Goodreads description: Alex joins his father on a business trip to Amsterdam. During the day he hangs out with the daughter of a family friend. They visit the usual sights but also coffee shops and flea markets off the beaten track. At one of these markets Alex spots an ancient-looking mask. Before he knows what he's doing he buys it. Later, in his hotel room, he feels compelled to put the mask on. Alex is sucked into a parallel Amsterdam, one from centuries before which begins to reveal the dark past of both the building he is staying in and the little girl who once lived there . . . edging stealthily towards the terrible twist.
I was lucky enough to hear Chris Priestley talk about Gothic literature at Lancaster Litfest, and it was there that I discovered his work. When I saw the creepy cover of his latest book, Through Dead Eyes, I decided to request it from Netgalley. Thank you to Netgalley and Bloomsbury for giving me the chance to review it!
When Alex accompanies his dad on a business trip to Amsterdam, he doesn’t expect much, least of all the company of an attractive older girl, his dad’s friend’s daughter Angelien. When exploring the local market, he feels drawn to a peculiar old mask, which gives him a creepy feeling. But when he sees an old painting in the museum of someone wearing that very same mask, he finds himself drawn into a dark mystery surrounding the mask, the painting, and its painter and subjects.

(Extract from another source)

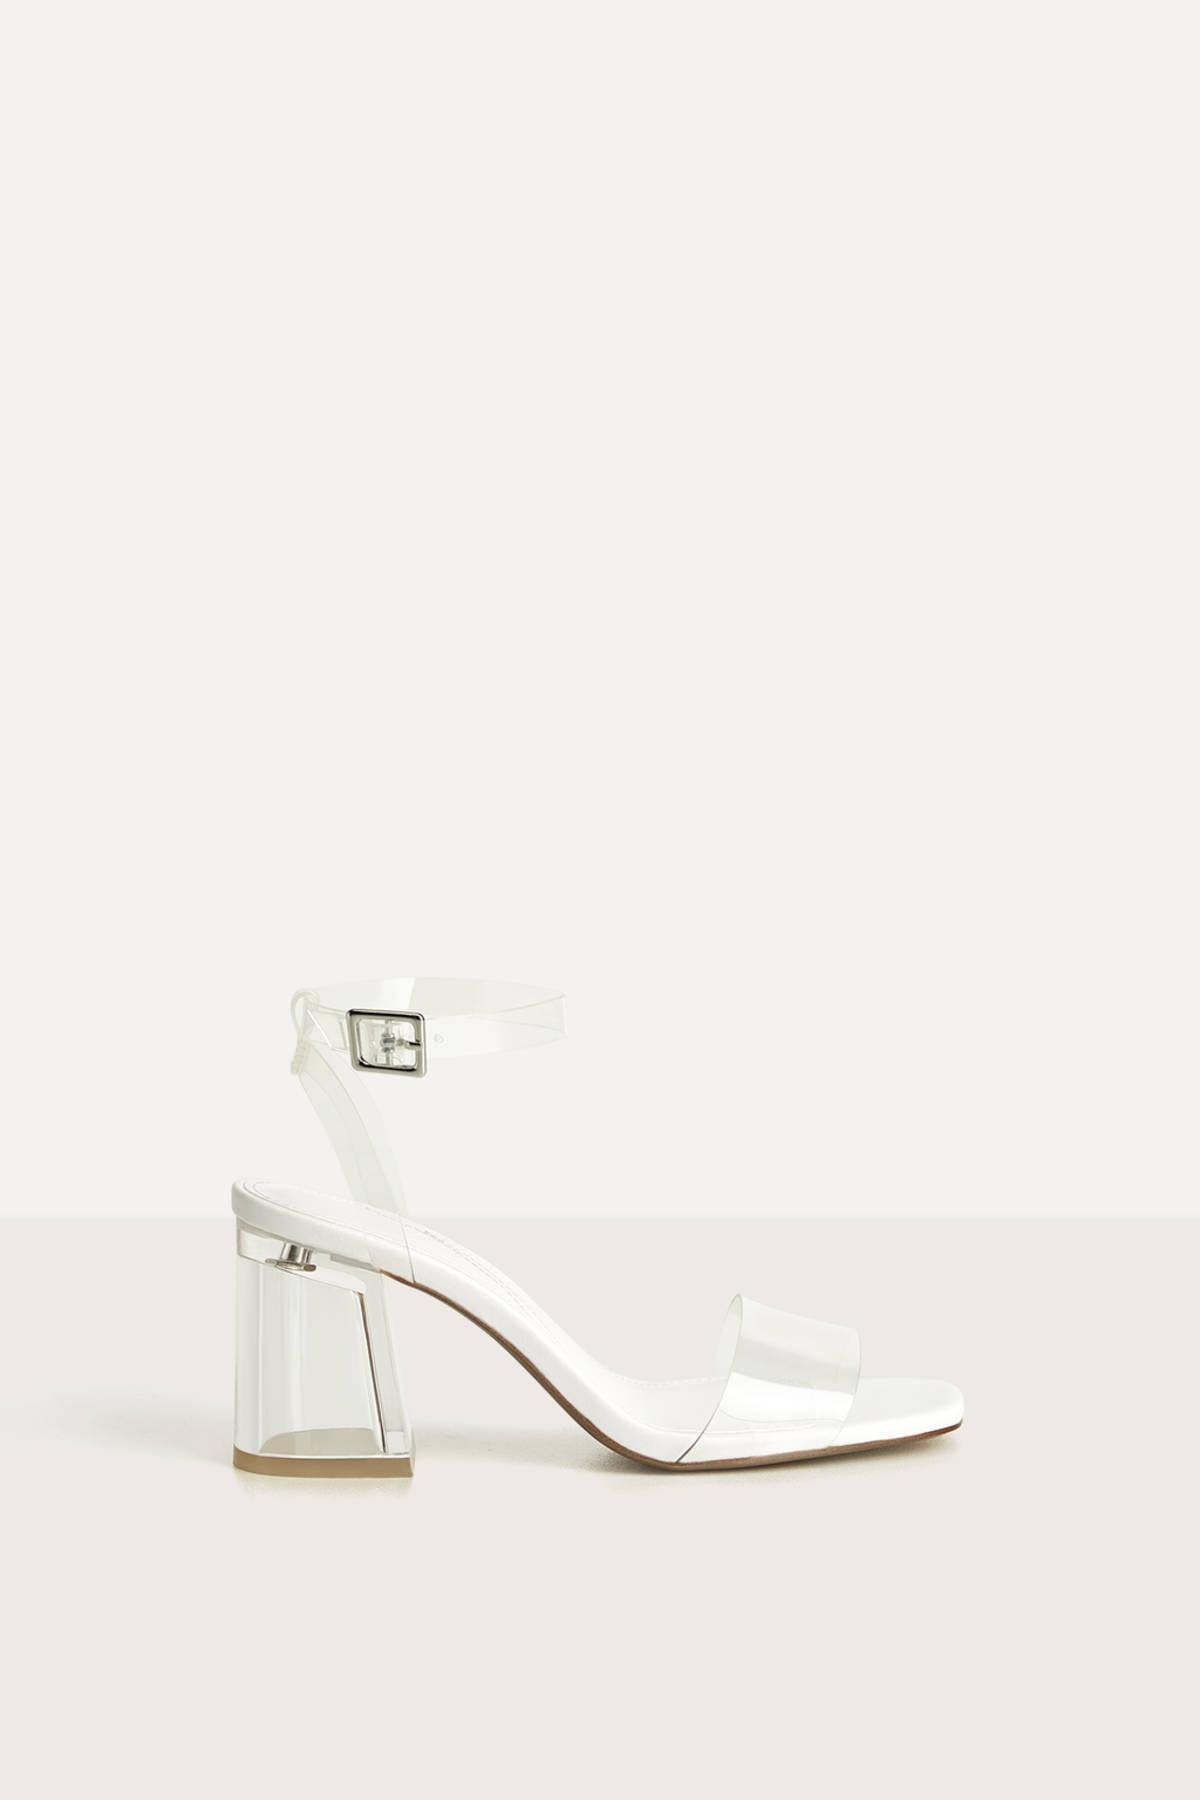 Bershka Kadın Transparan Vinil Detaylı Metakrilat Topuklu Sandalet. 11740660

But the truth is more terrifying than he could have imagined: the mask gives him the ability to see through the eyes of a girl who could see the dead.
This was a very atmospheric and subtle horror story. The setting of Amsterdam is very well described, and Alex is a likeable protagonist, an ordinary teenager who is going through a rough patch. I didn’t like Angelien much - I think she was a bit cruel to Alex - but she’s a convincing character. The pace remains fast and the mystery engaging, even though the action is slow to build. The spooky moments worked really well – I’ll definitely be avoiding buying strange masks from markets in future! Though this is tame compared to say, Stephen King’s novels, it’s a great read for young adults and even though the final twist was a little predictable, the plot remains gripping and interesting. If you’re looking for a quick, spooky read, I’d recommend checking this out!